The JST connector polarity is matched to Adafruit LiPoly batteries. Using wrong polarity batteries can destroy your Feather. Many customers try to save money by purchasing Lipoly batteries from Amazon only to find that they plug them in and the Feather is destroyed!

The above shows the Micro USB jack (left), LiPoly JST jack (top left), as well as the 3.3V regulator and changeover diode (just to the right of the JST jack) and the LiPoly charging circuitry (to the right of the Reset button).

There's also a CHG LED next to the USB jack, which will light up while the battery is charging. This LED might also flicker if the battery is not connected, it's normal.

The charge LED is automatically driven by the LiPoly charger circuit. It will try to detect a battery and is expecting one to be attached. If there isn't one it may flicker once in a while when you use power because it's trying to charge a (non-existent) battery. It's not harmful, and it's totally normal!

Power Supplies

You have a lot of power supply options here! We bring out the BAT pin, which is tied to the LiPoly JST connector, as well as USB which is the +5V from USB if connected. We also have the 3V pin which has the output from the 3.3V regulator. We use a 500mA peak regulator. While you can get 500mA from it, you can't do it continuously from 5V as it will overheat the regulator.

It's fine for, say, powering an ESP8266 WiFi chip or XBee radio though, since the current draw is 'spiky' & sporadic.

Measuring Battery

If you're running off of a battery, chances are you wanna know what the voltage is at! That way you can tell when the battery needs recharging. LiPoly batteries are 'maxed out' at 4.2V and stick around 3.7V for much of the battery life, then slowly sink down to 3.2V or so before the protection circuitry cuts it off. By measuring the voltage you can quickly tell when you're heading below 3.7V.

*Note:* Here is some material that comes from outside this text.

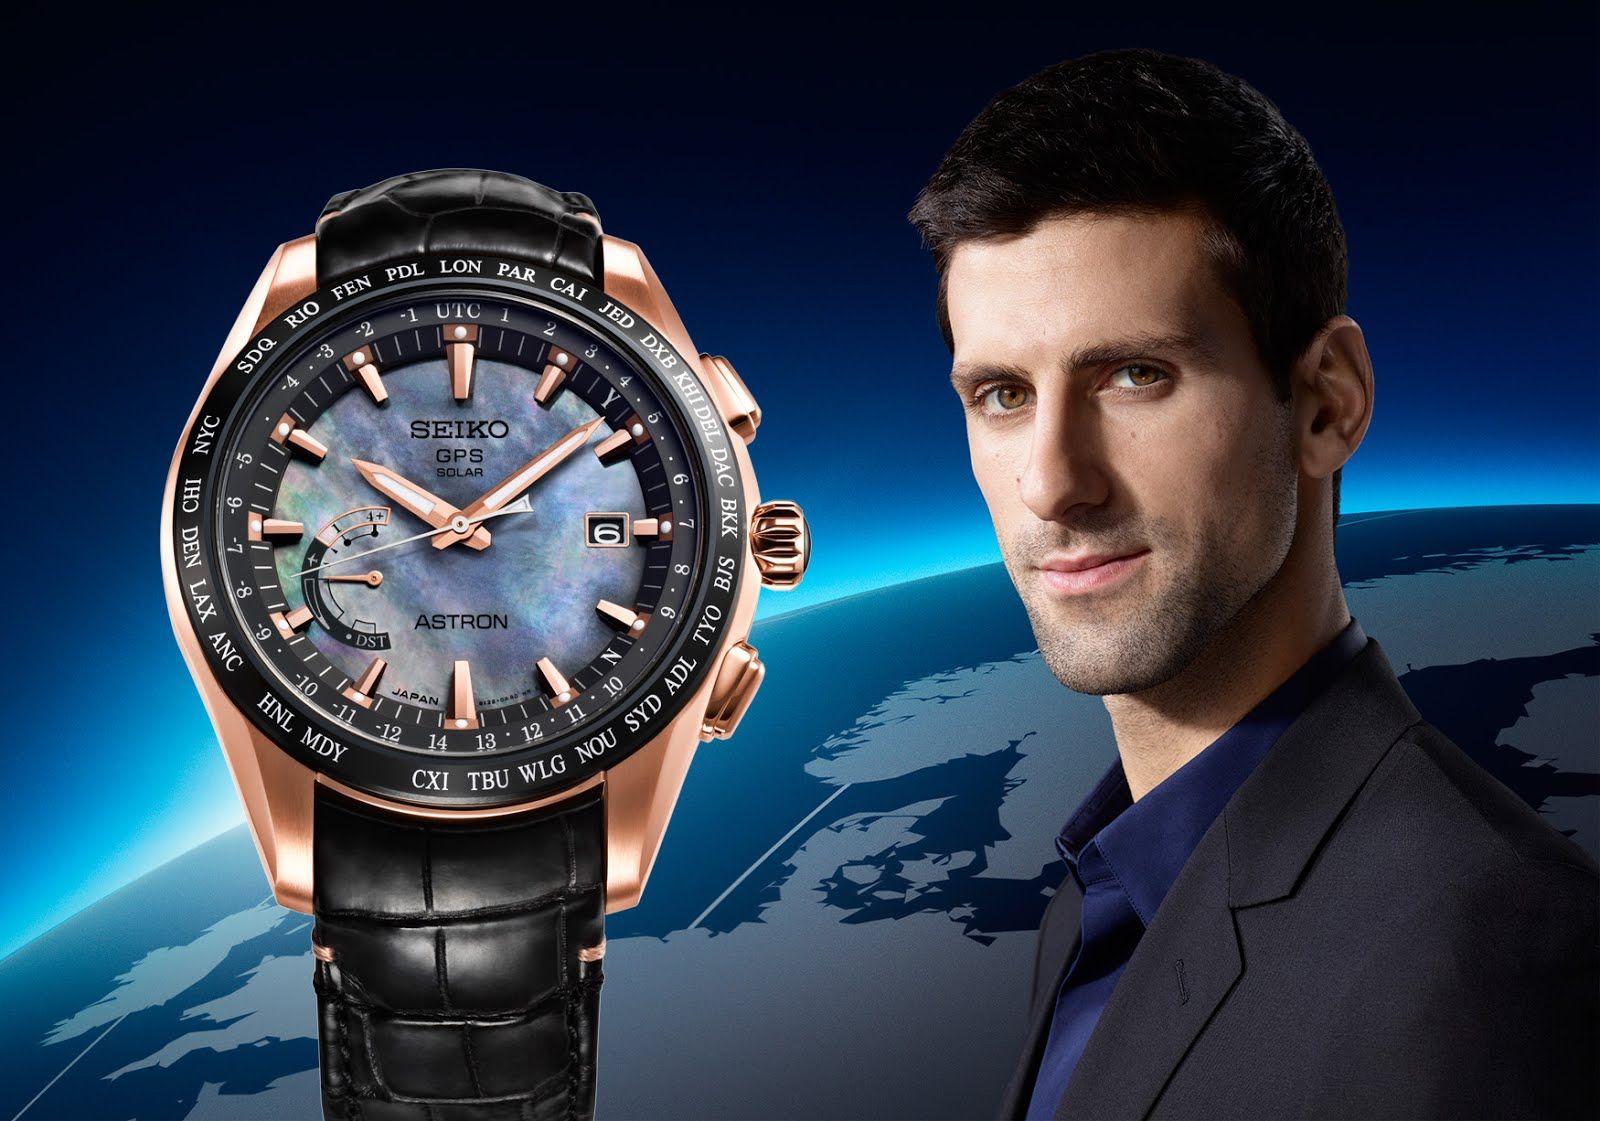 Seiko Astron GPS Solar World-Time Edición limitada Novak Djokovic debajo del reloj

To make this easy we stuck a double-100K resistor divider on the BAT pin, and connected it to D9 (a.k.a analog #7 A7). You can read this pin's voltage, then double it, to get the battery voltage.

#define VBATPIN A9
   
float measuredvbat = analogRead(VBATPIN);
measuredvbat *= 2;    // we divided by 2, so multiply back
measuredvbat *= 3.3;  // Multiply by 3.3V, our reference voltage
measuredvbat /= 1024; // convert to voltage
Serial.print("VBat: " ); Serial.println(measuredvbat);

This voltage will 'float' at 4.2V when no battery is plugged in, due to the lipoly charger output, so its not a good way to detect if a battery is plugged in or not (there is no simple way to detect if a battery is plugged in)

ENable pin

If you'd like to turn off the 3.3V regulator, you can do that with the EN(able) pin. Simply tie this pin to Ground and it will disable the 3V regulator. The BAT and USB pins will still be powered.

Alternative Power Options

The two primary ways for powering a feather are a 3.7/4.2V LiPo battery plugged into the JST port or a USB power cable.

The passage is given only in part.